[WHAT TO WORK ON] Output the data below exactly as it is, dropping the pictures from your copy.

[SOURCE MATERIAL]

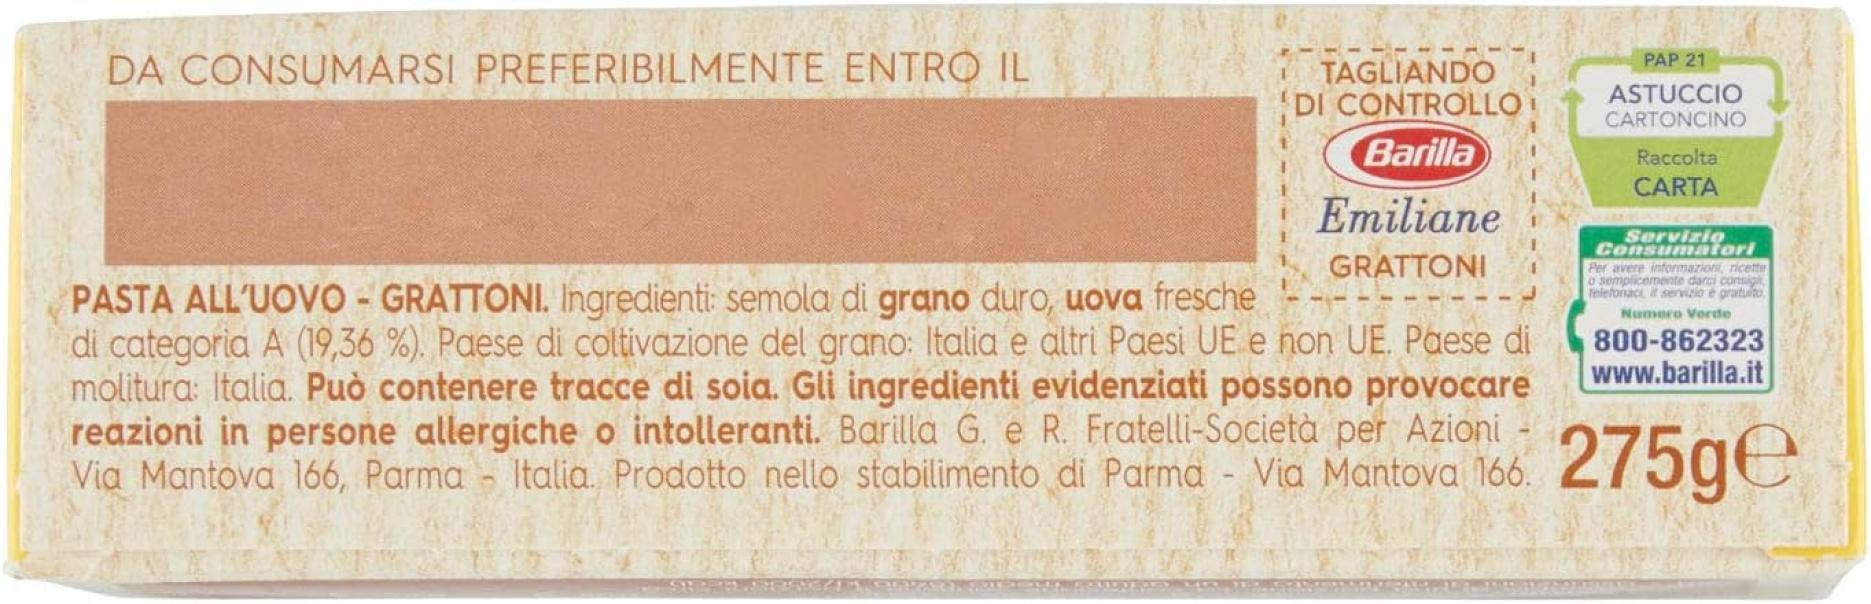 pasta-emiliane-grattoni-barilla-275gr-5
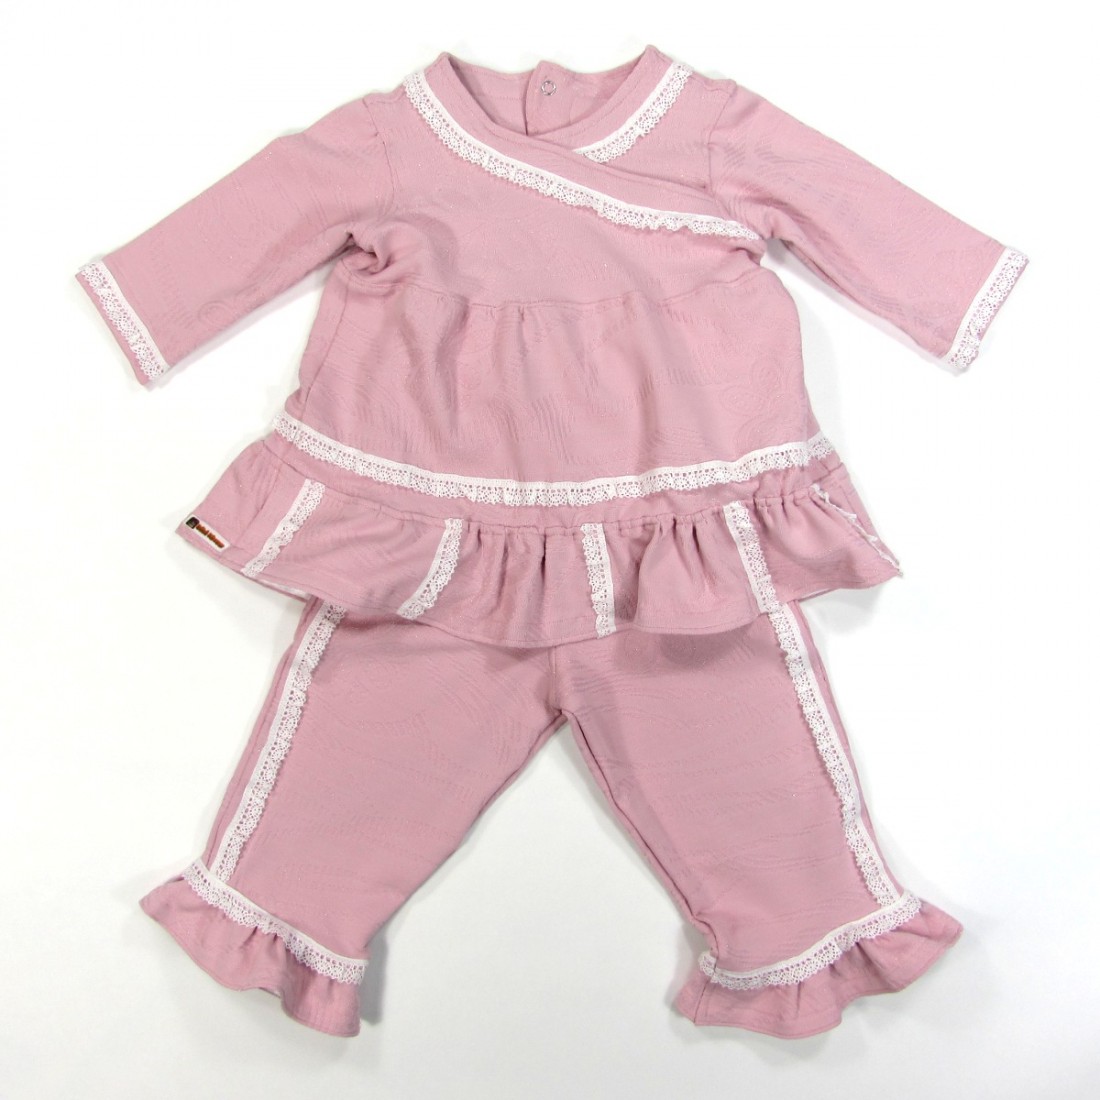 Tunique et pantalon en maille rose pailletée volants et dentelle bébé fille 18 mois
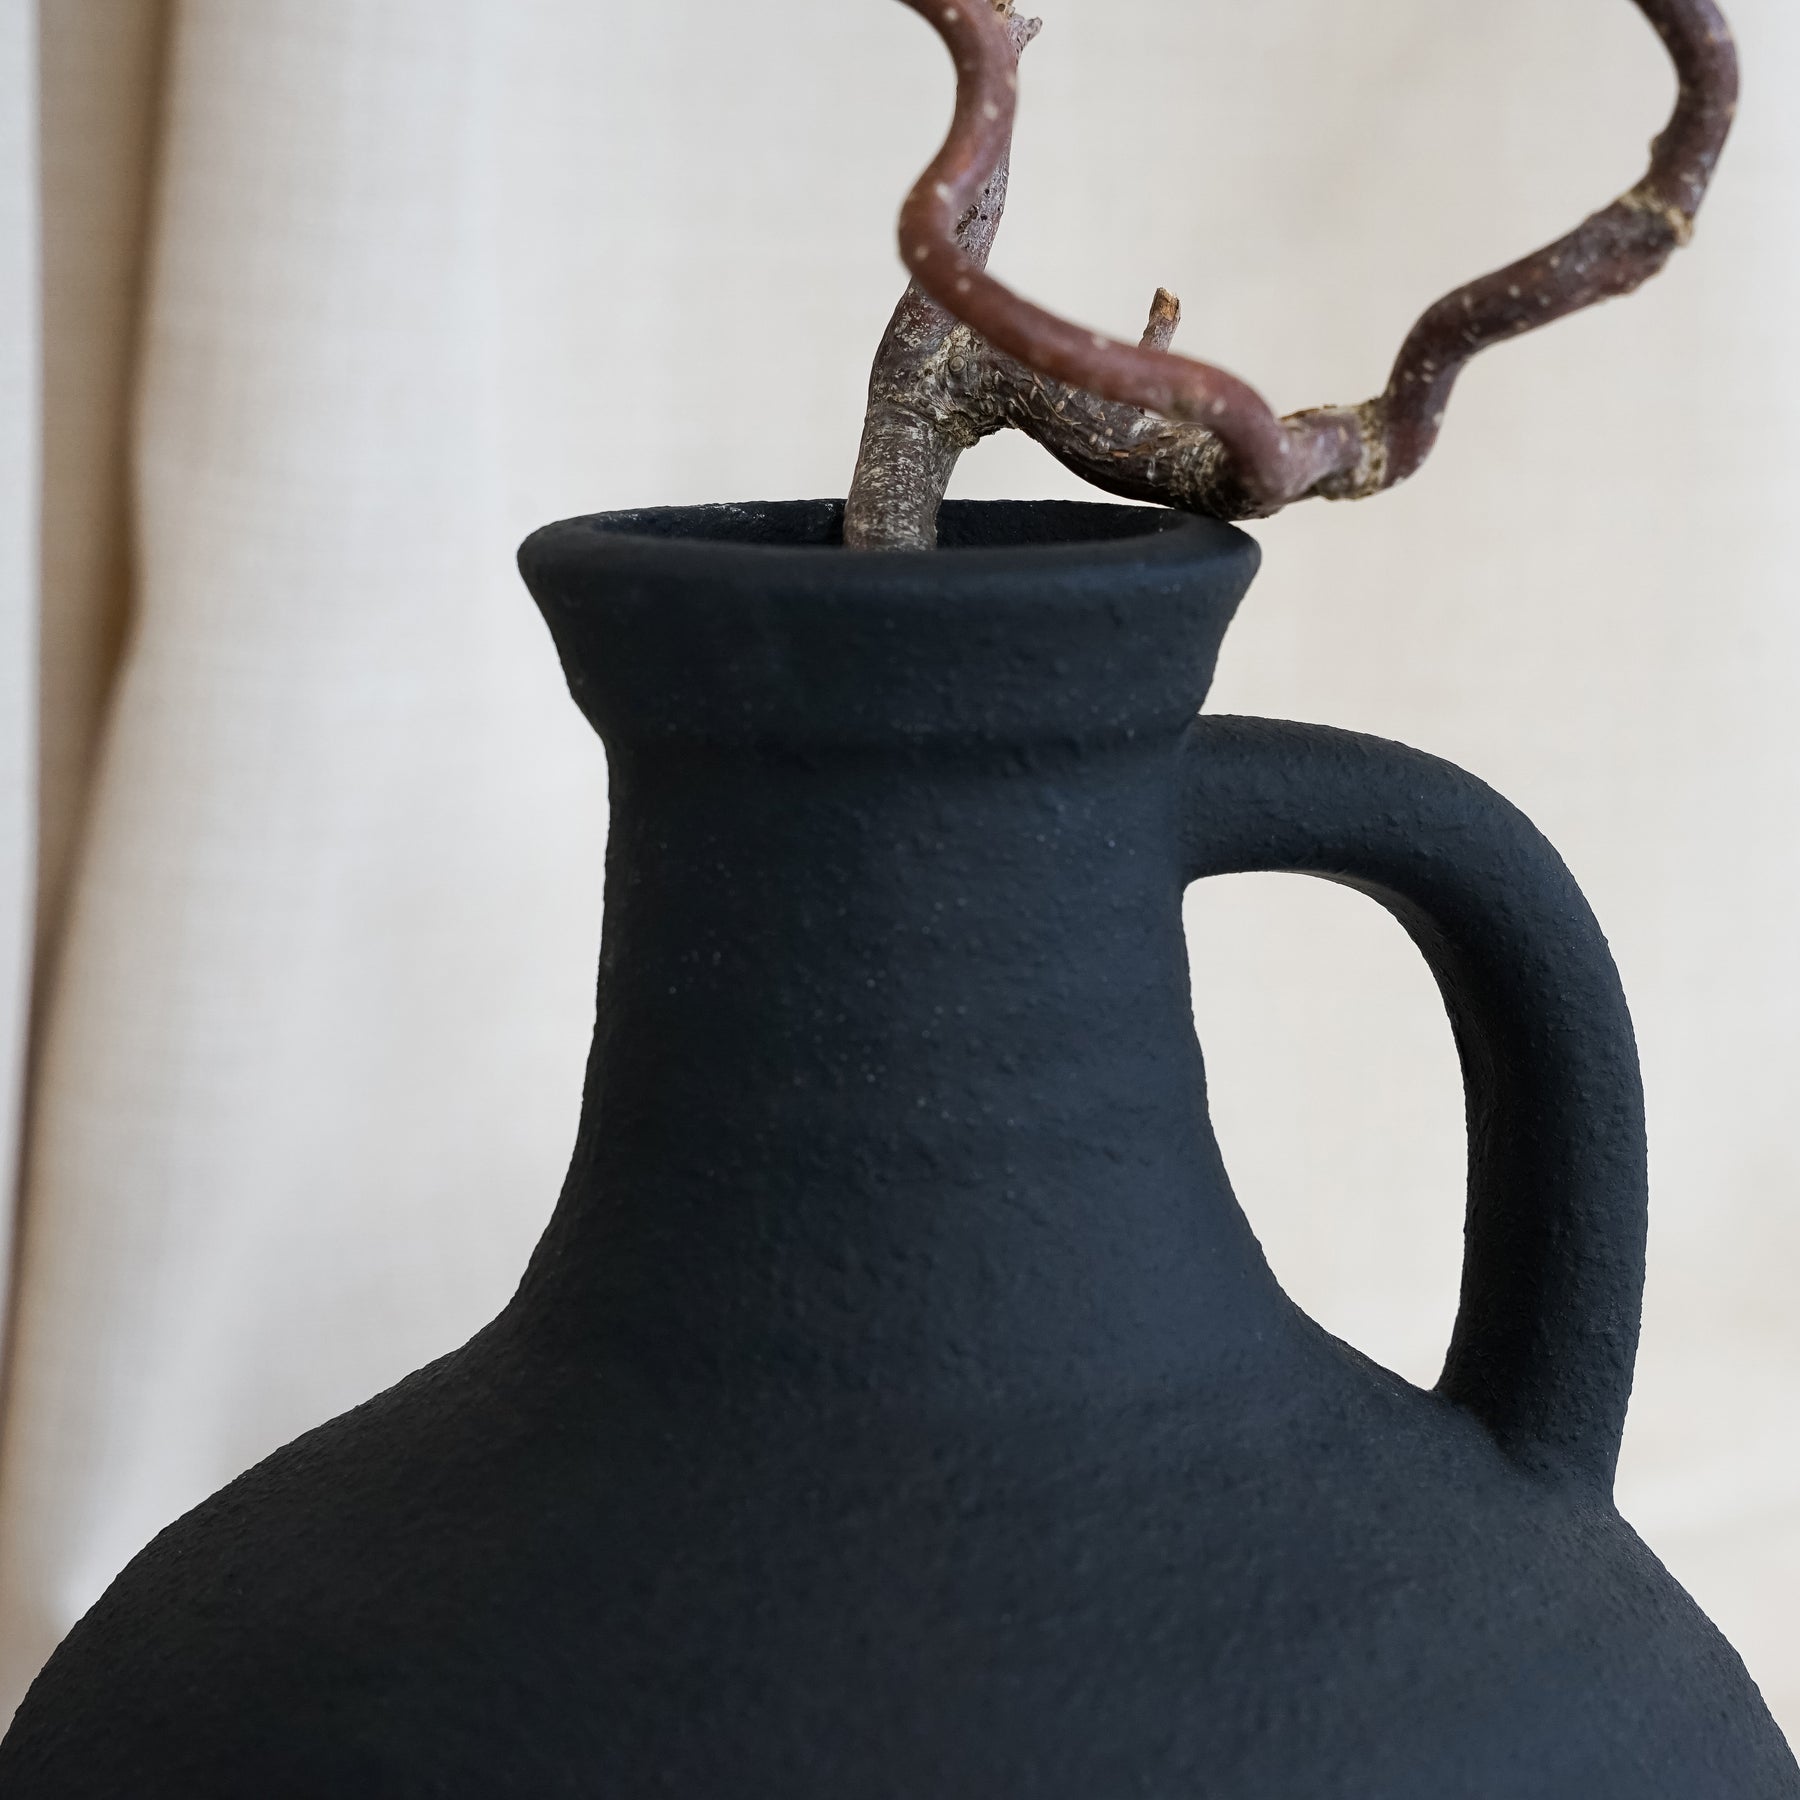 Torrano - Black Textured Ceramic Small Vase

[WRITTEN SOLUTION]
 pasta-emiliane-grattoni-barilla-275gr-5
 Tunique et pantalon en maille rose pailletée volants et dentelle bébé fille 18 mois
 Torrano - Black Textured Ceramic Small Vase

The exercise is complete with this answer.